An air-filled parallel plate capacitor has circular plates with radius r=20.0 cm, separated distance 4.00 mm. The capacitor is connected to 70.0 V battery. a) Find the capacitance, Co, and the charge on the plates, Qo. b) Find the electric field strength between the plates. c) While connected to the battery, a dielectric sheet with dielectric constant k is inserted between the plates (it fills the entire space). What are the capacitance, the charge, and the voltage now?

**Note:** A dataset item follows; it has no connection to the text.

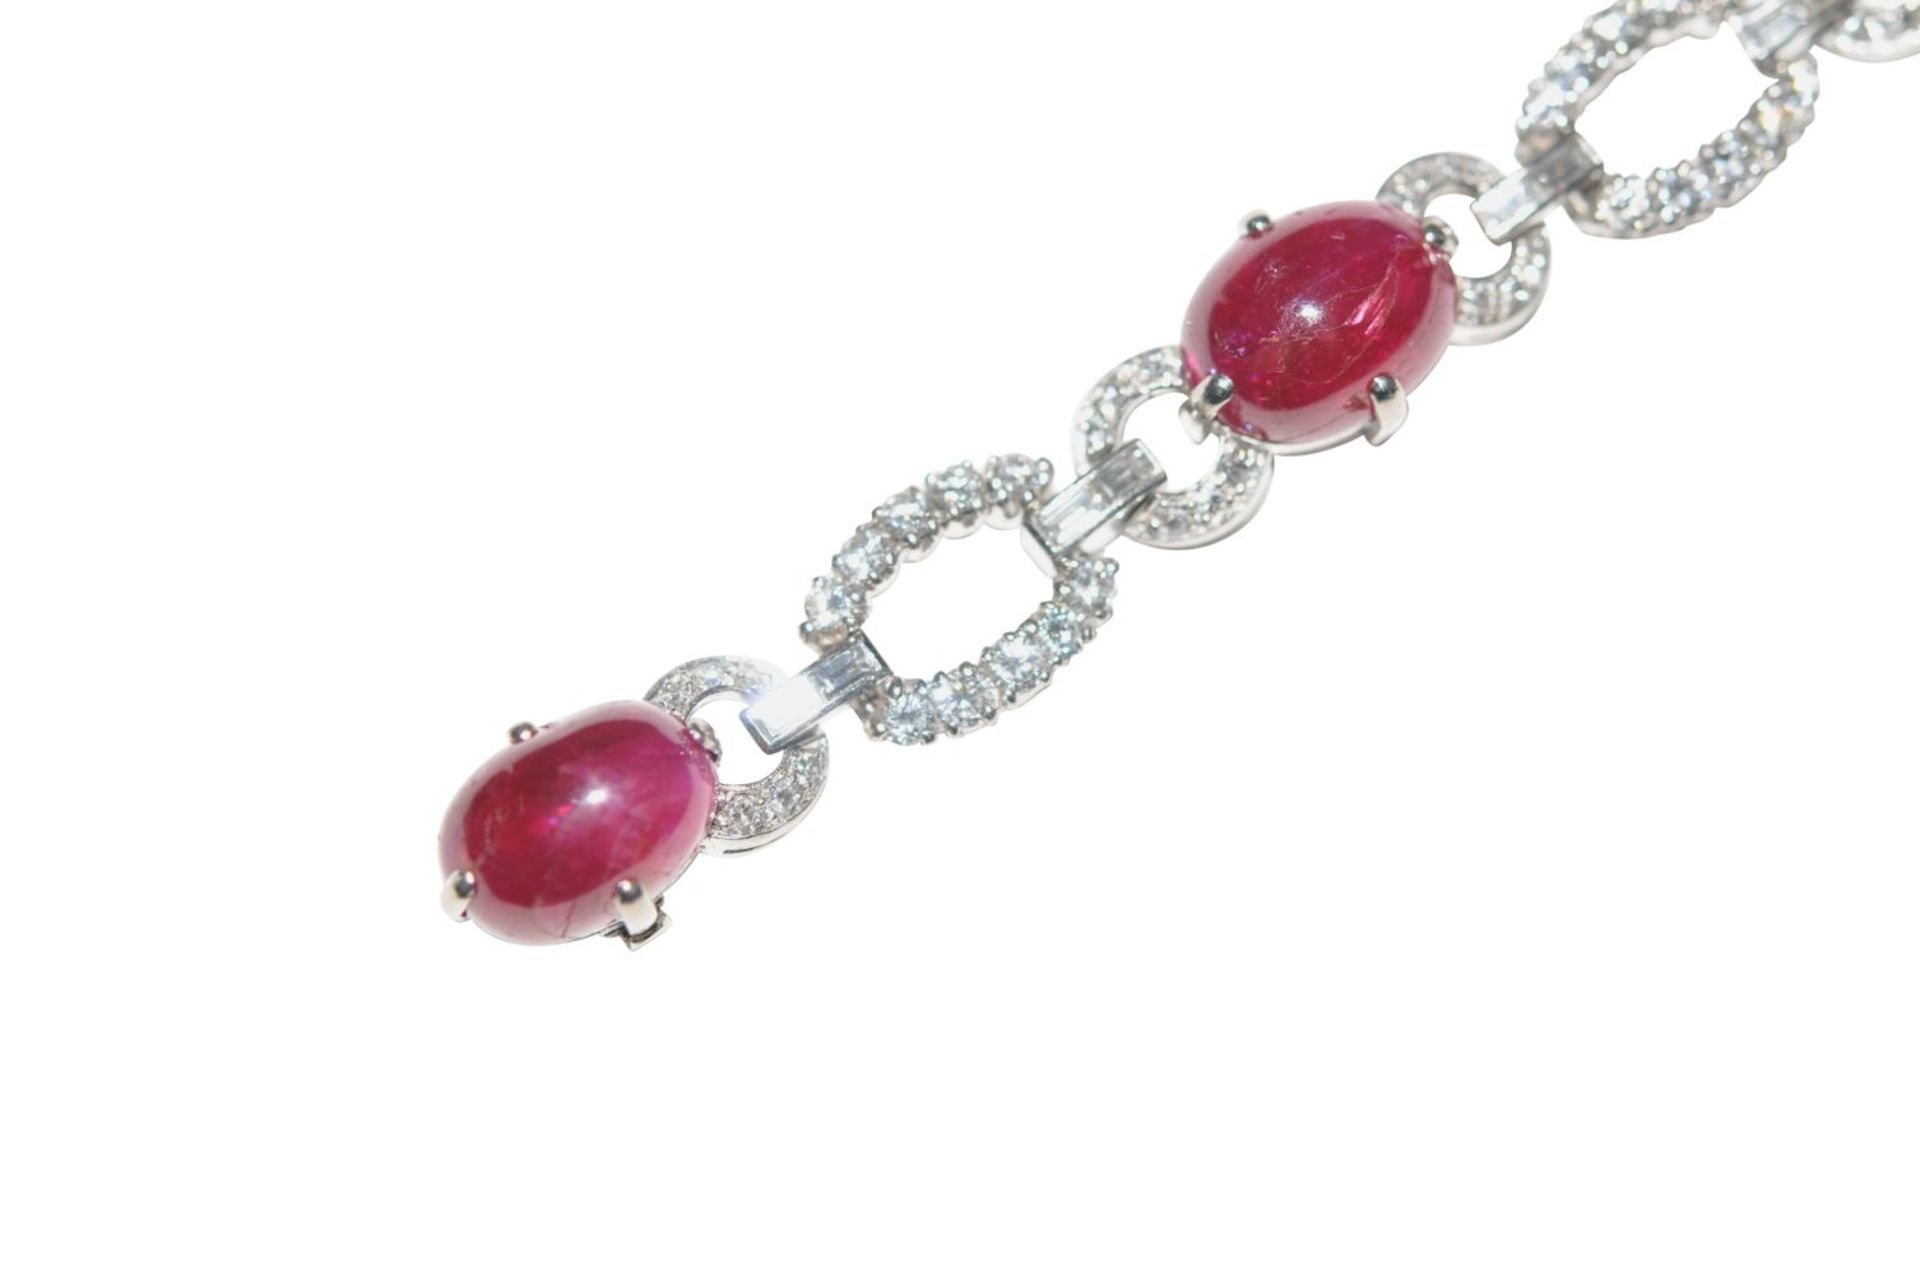 Los 116 - Platinum-brilliant-ruby braceletBracelet, partly Pt 950/000 and 18kt white gold with diamonds

Answer: a) 278 * 10^-12 F and 19.4 * 10^-9 C

b) 17.44 * 10^3 N/C and c) C=k*C0 and V=70/k

Explanation: In order to solve this problem we have to use the expression of the capacitor of parallel plates as:

C=A*ε0/d where A is the area of the plates and d the distance between them

C=Π r^2*ε0/d

C=π*0.2^2*8.85*10^-12/0.004=278 * 10^-12F = 278 pF

then

ΔV = Q/C

so Q = ΔV*C=70V*278 pF=19.4 nC

The electric field between the plates is given by:

E = Q / (A*ε0) = 19.4 nC / (π*0.2^2*8.85*10^-12) = 17.44 * 10^3 N/C

If it is introduced a dielectric between the plates, then the new C is increased a factor k while the potential between the plates decreases a factor 1/k.